Attachment: bug.txt.gz (application/x-gzip, text), 1.67 KiB.

[19 Jun 2008 16:26] MySQL Verification Team
Thank you for the bug report. Please verify your correct client encoding to use utf8:

Your MySQL connection id is 2
Server version: 5.0.64-debug Source distribution

Type 'help;' or '\h' for help.
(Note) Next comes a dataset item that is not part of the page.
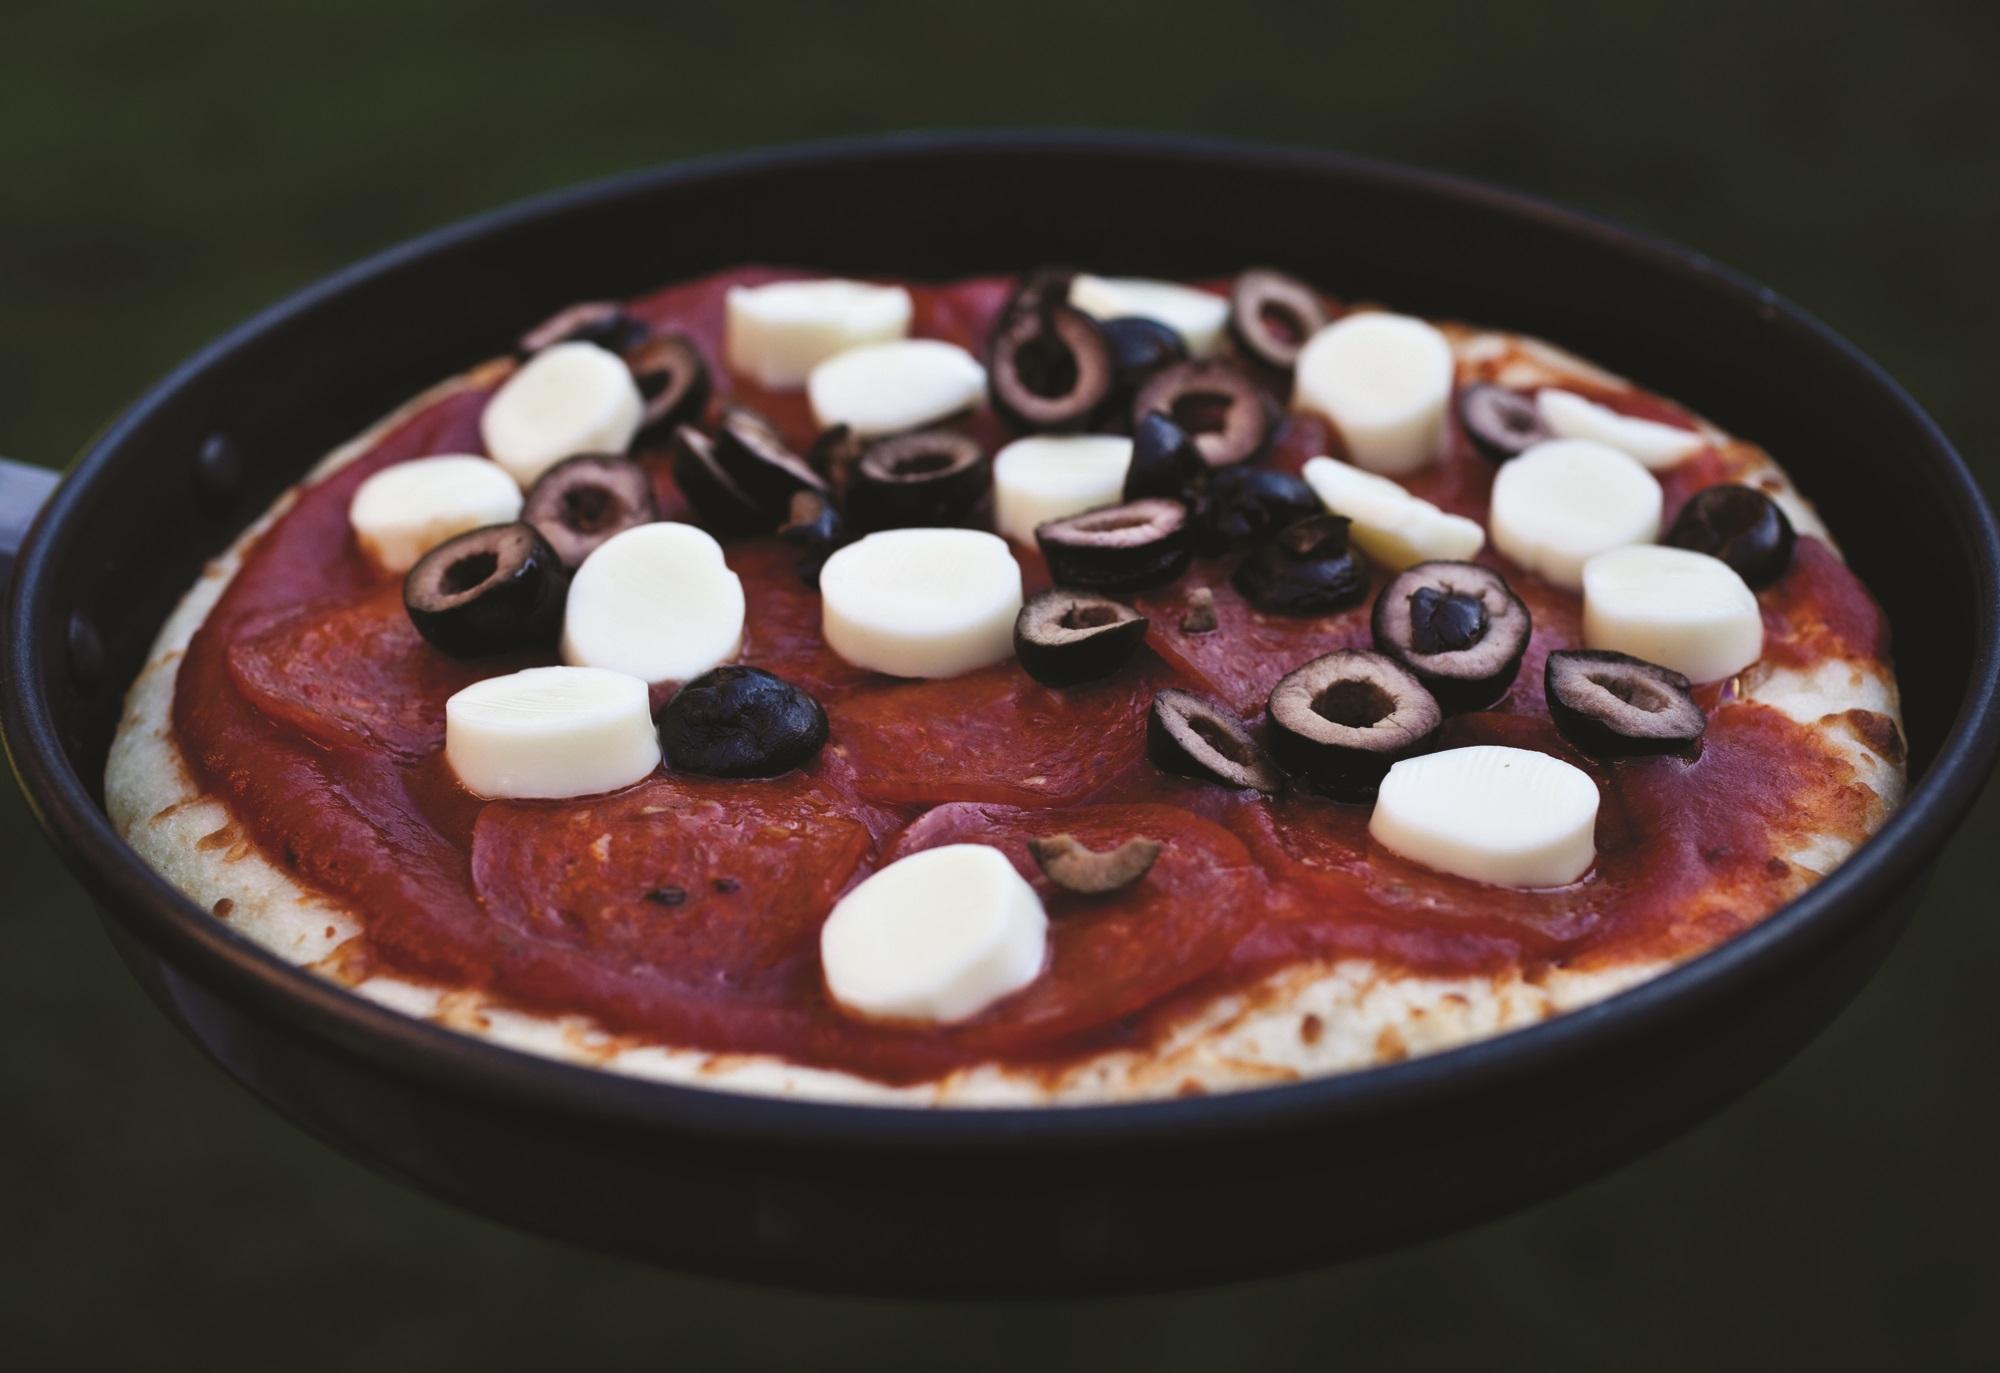 Pizza by Kirk Kirkconnell
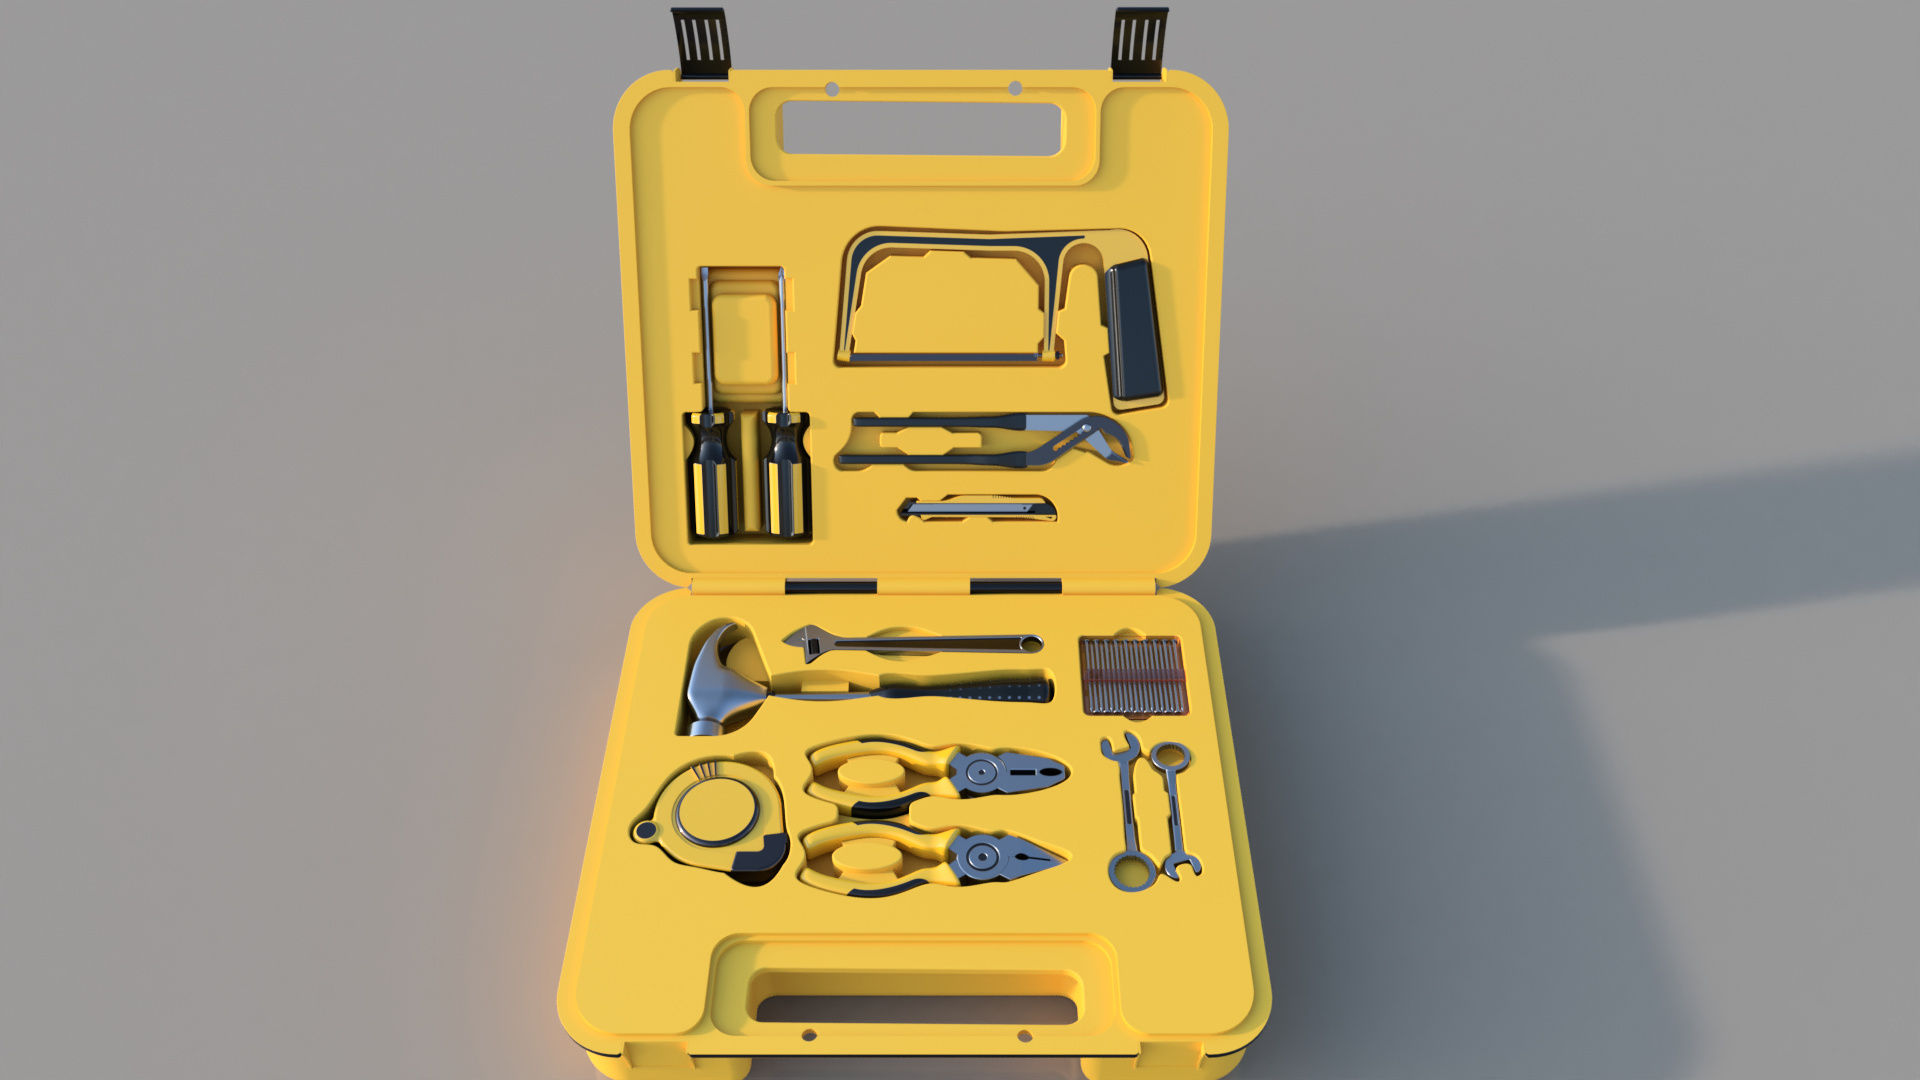 Modern hand tool kit autodesk online gallery for Online rendering tool

Type '\c' to clear the buffer.

mysql> show variables like "%char%";
+--------------------------+--------------------------------------------+
| Variable_name            | Value                                      |
+--------------------------+--------------------------------------------+
| character_set_client     | latin1                                     | 
| character_set_connection | latin1                                     | 
| character_set_database   | latin1                                     | 
| character_set_filesystem | binary                                     | 
| character_set_results    | latin1                                     | 
| character_set_server     | latin1                                     | 
| character_set_system     | utf8                                       | 
| character_sets_dir       | /home/miguel/dbs/5.0/share/mysql/charsets/ | 
+--------------------------+--------------------------------------------+
8 rows in set (0.00 sec)

mysql> select 'c' = 'ç';
+-----------+
| 'c' = 'ç' |
+-----------+
|         1 | 
+-----------+
1 row in set (0.03 sec)

mysql> SET NAMES utf8;
Query OK, 0 rows affected (0.00 sec)

mysql> select 'c' = 'ç';
+-----------+
| 'c' = 'ç' |
+-----------+
|         0 | 
+-----------+
1 row in set (0.00 sec)

mysql>
[19 Jun 2008 16:46] Alex Marquez
Th for reply.
The problem is only in a unique key.
The are no problem in other field type or un-indexed.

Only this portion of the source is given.